A central question in aging research remains whether extended longevity equates a long and healthy lifespan (Hansen and Kennedy, 2016). Indeed, how genetic and metabolic changes correlate with healthspan has been recently debated. While lifespan extension represents a temporal scaling (Stroustrup et al., 2016), early indications suggested that long-lived daf-2 animals unexpectedly have lower activity later in life (Bansal et al., 2015; Zhang et al., 2016). However, further studies on healthspan have determined that aging daf-2 animals are not necessarily unhealthy (Hahm et al., 2015; Podshivalova et al., 2017). One of the important goals in aging research will remain to carefully determine whether lifespan extending interventions maintain a satisfying level of health in the later stages of life.
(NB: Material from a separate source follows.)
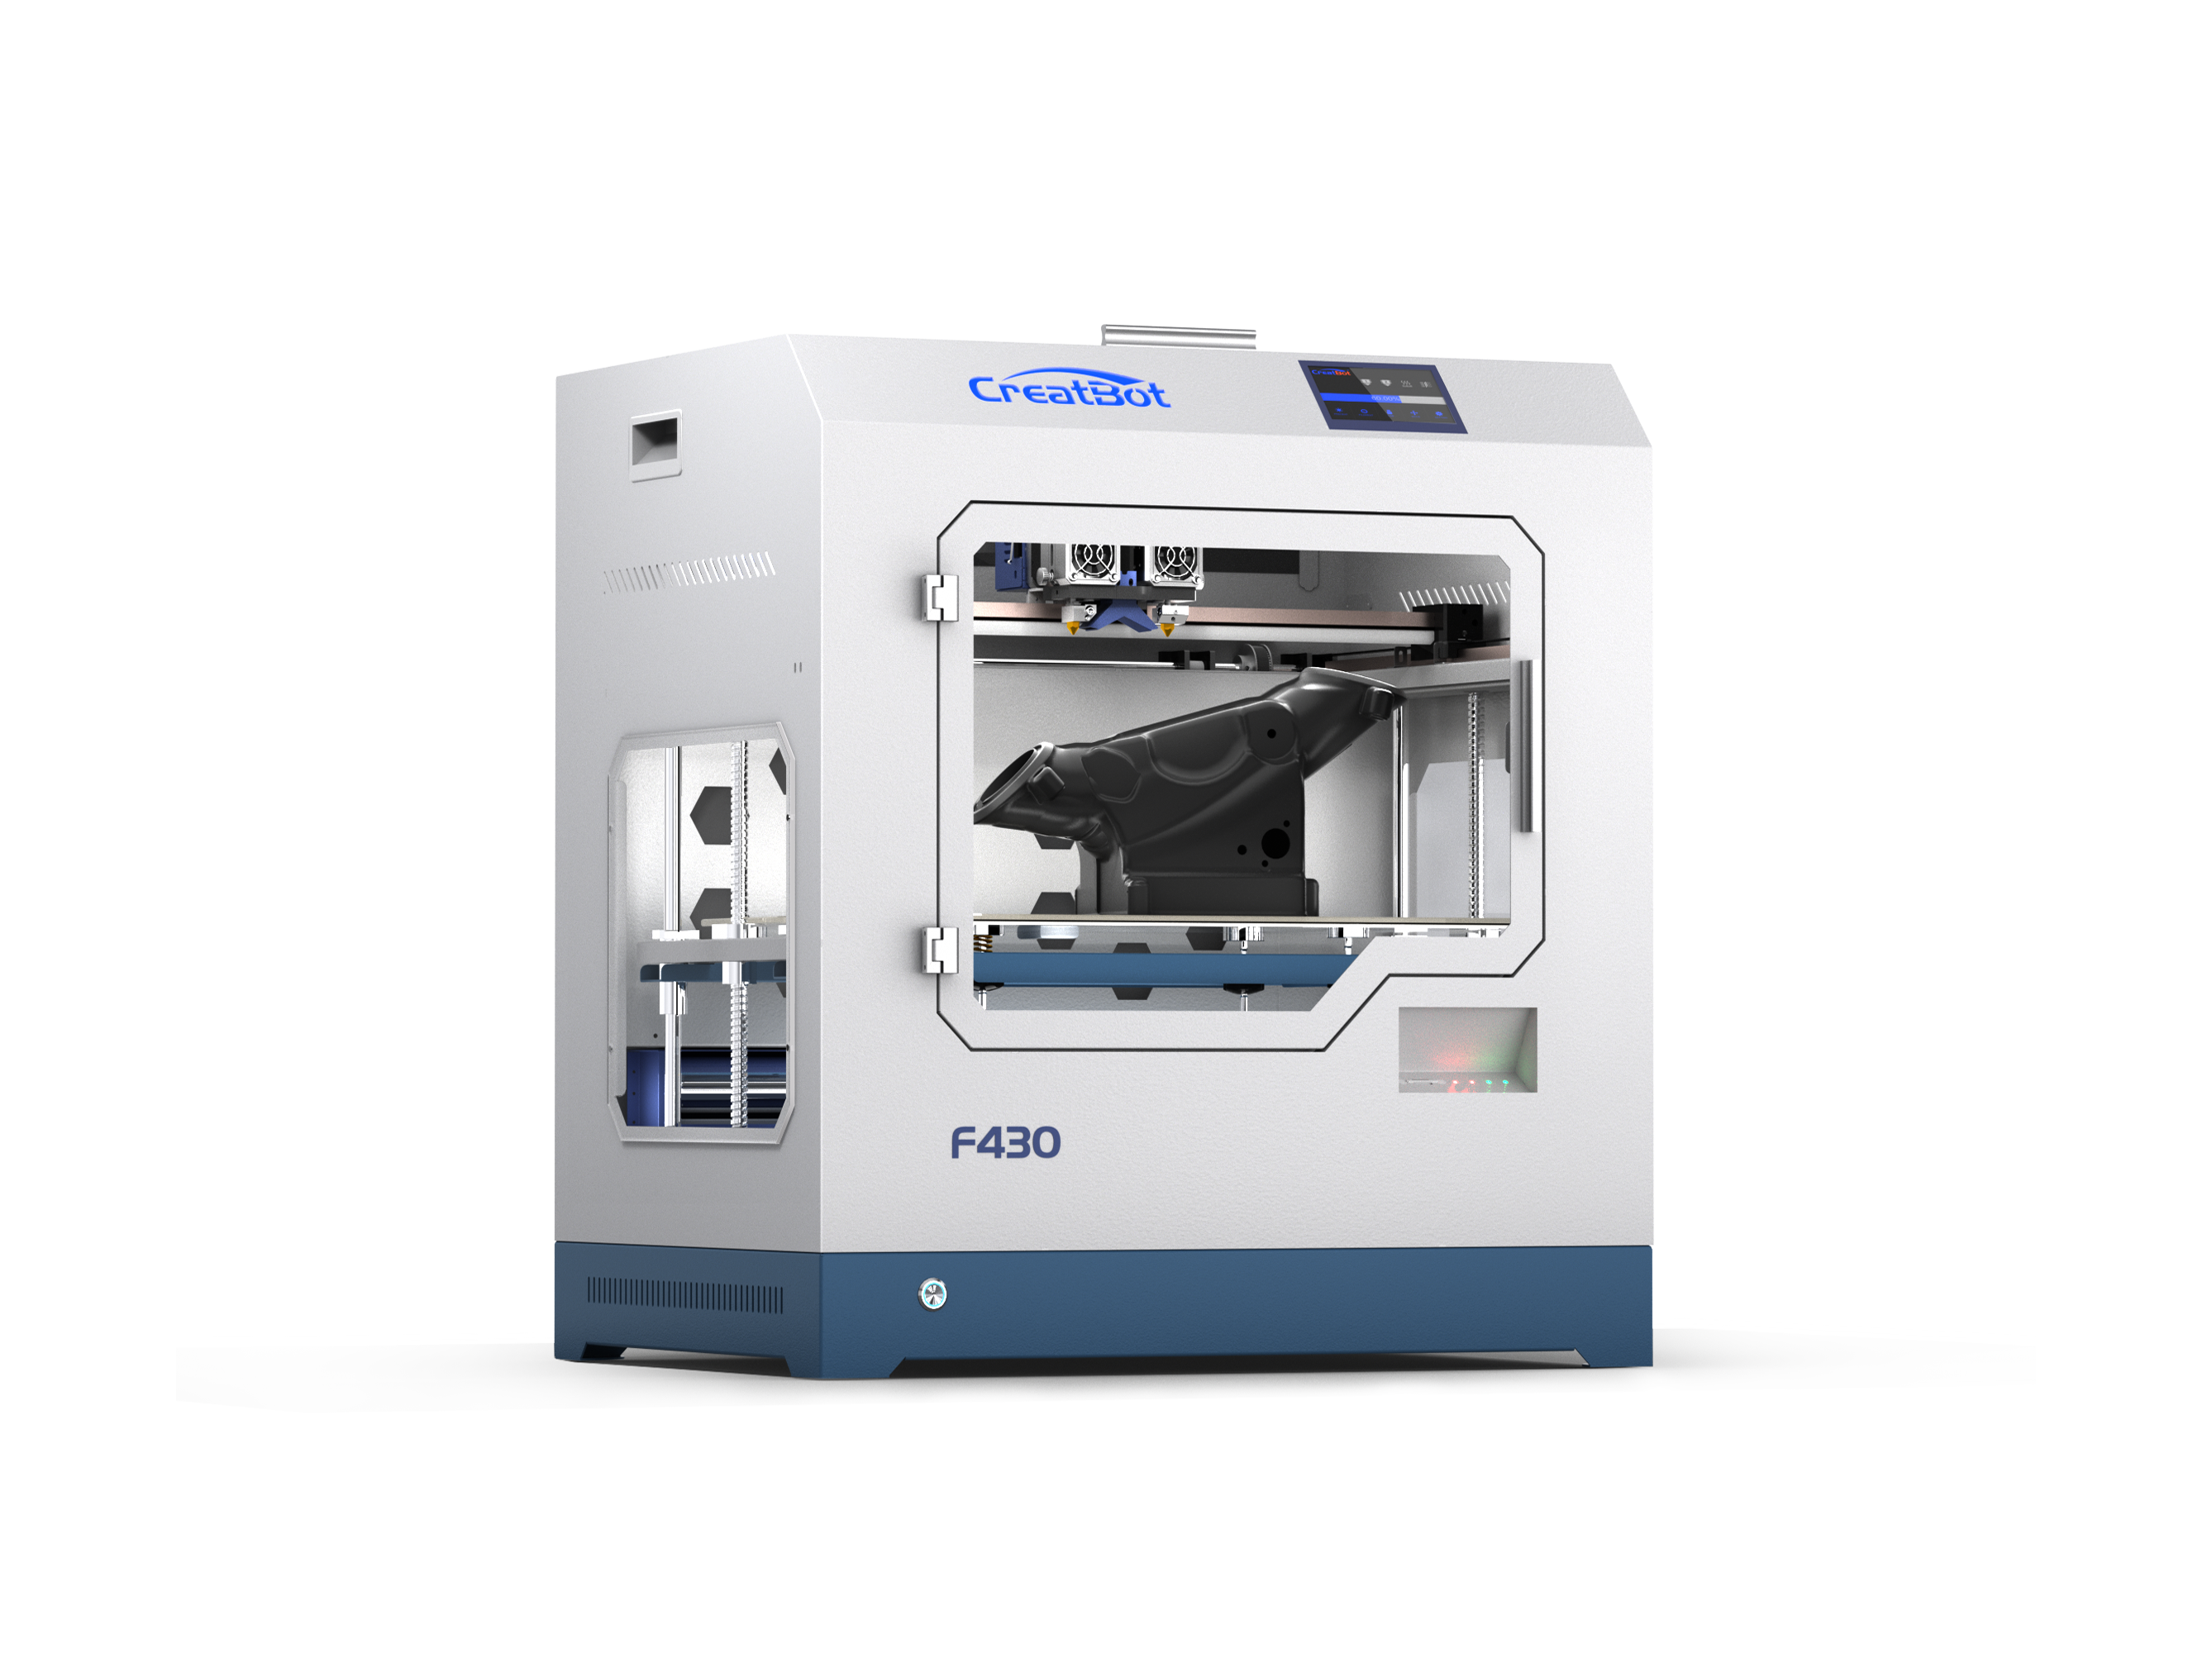 Creatbot F430 - Dual Extruder, 3D printer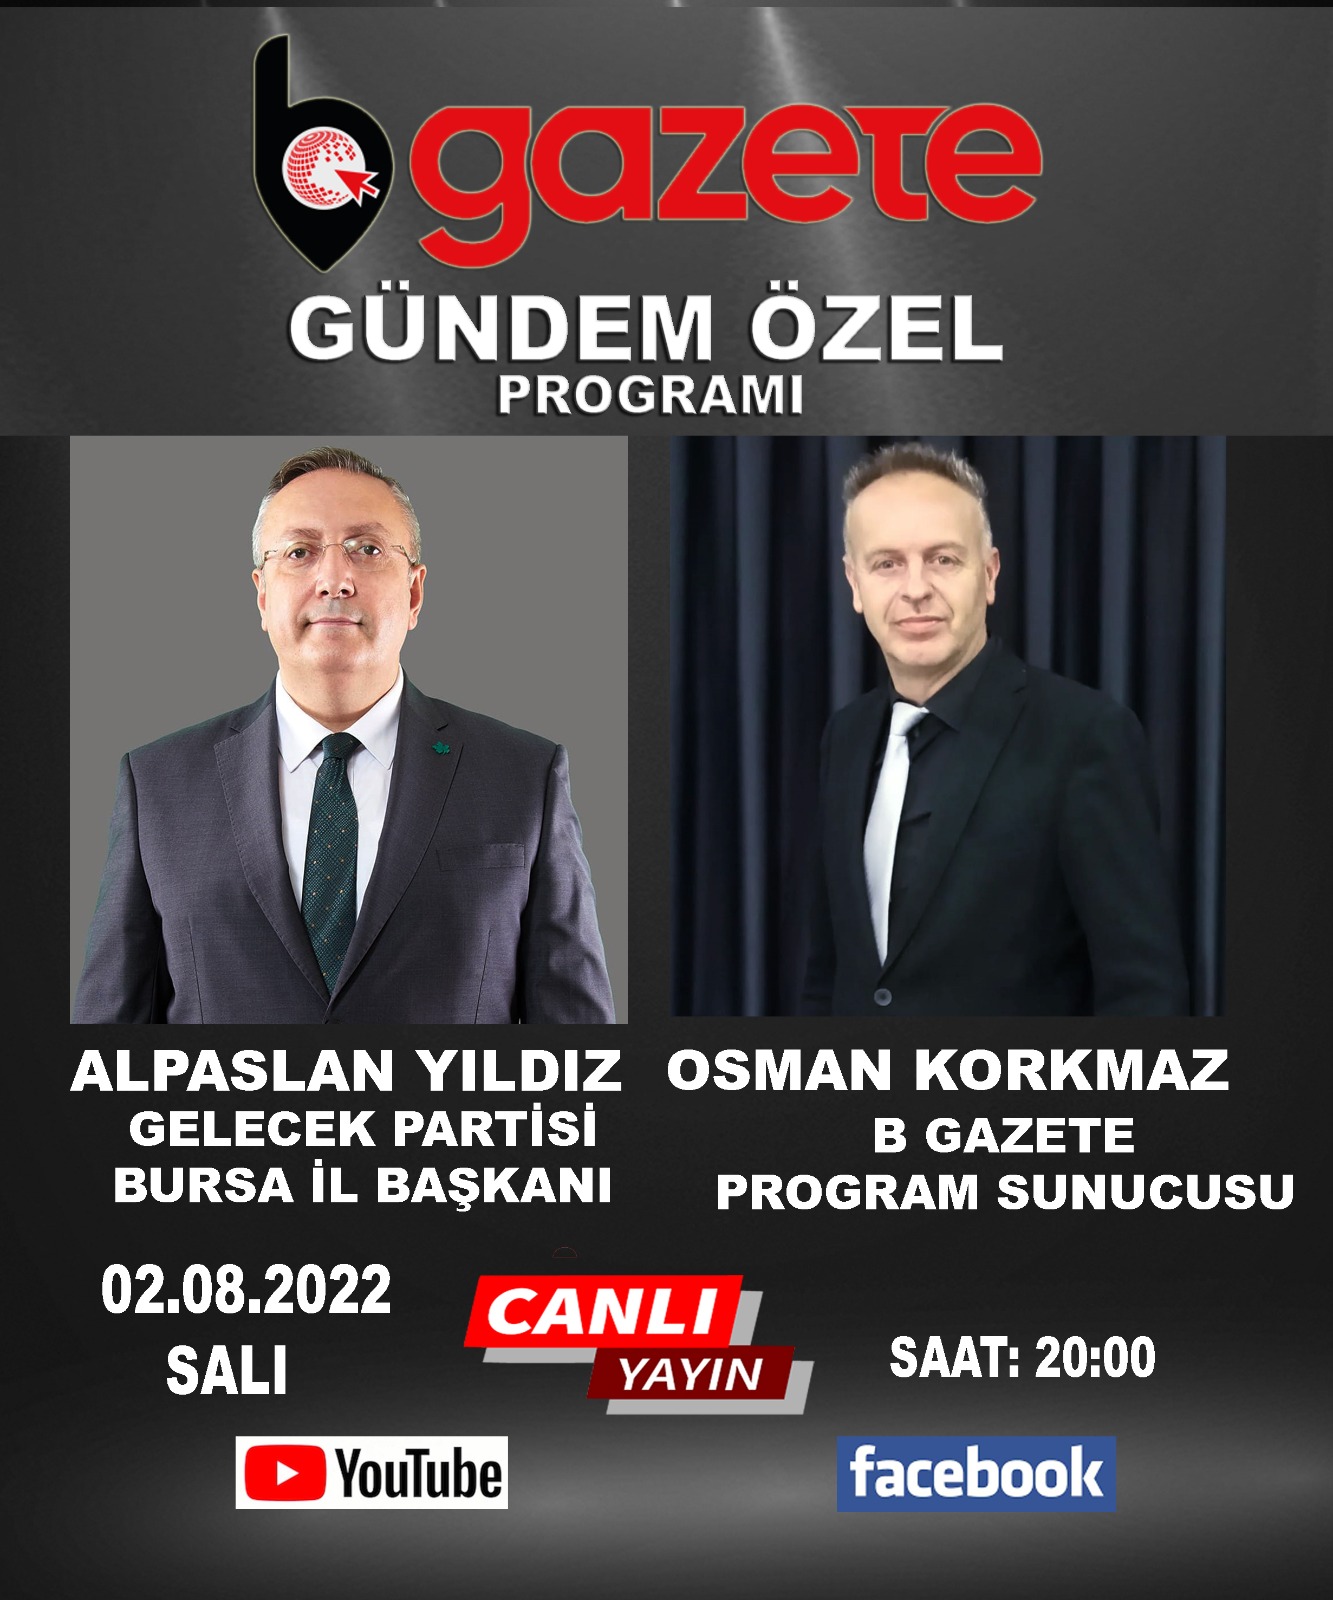 Sayın İl başkanımız Alpaslan Yıldız,Saat 20.00’da B Gazete de Osman Korkmaz’ın sunduğu gündem özel programına konuk olacaktır.Yayın YouTube ve Facebook’tan canlı olarak verilecektir.

Multiple studies highlight that reducing the load of aggregating toxic proteins improves fitness and contributes to longevity downstream of many, if not all, longevity pathways. It remains less clear if the stress signaling pathways responsible for clearing aggregates also have broader beneficial effects, including perhaps metabolic changes or alterations in protein synthesis. In addition, organelle remodeling is emerging as a component of cyto-protective mechanisms in cells. For instance, mitochondrial dynamics has recently been linked to longevity (Chaudhari and Kipreos, 2017; Weir et al., 2017). Moving forward, characterizing interactions and identifying biochemical and genetic mechanisms for coordination between tissues and organelles will be key to better understand how cells respond to nutrient signaling and stress to protect the soma.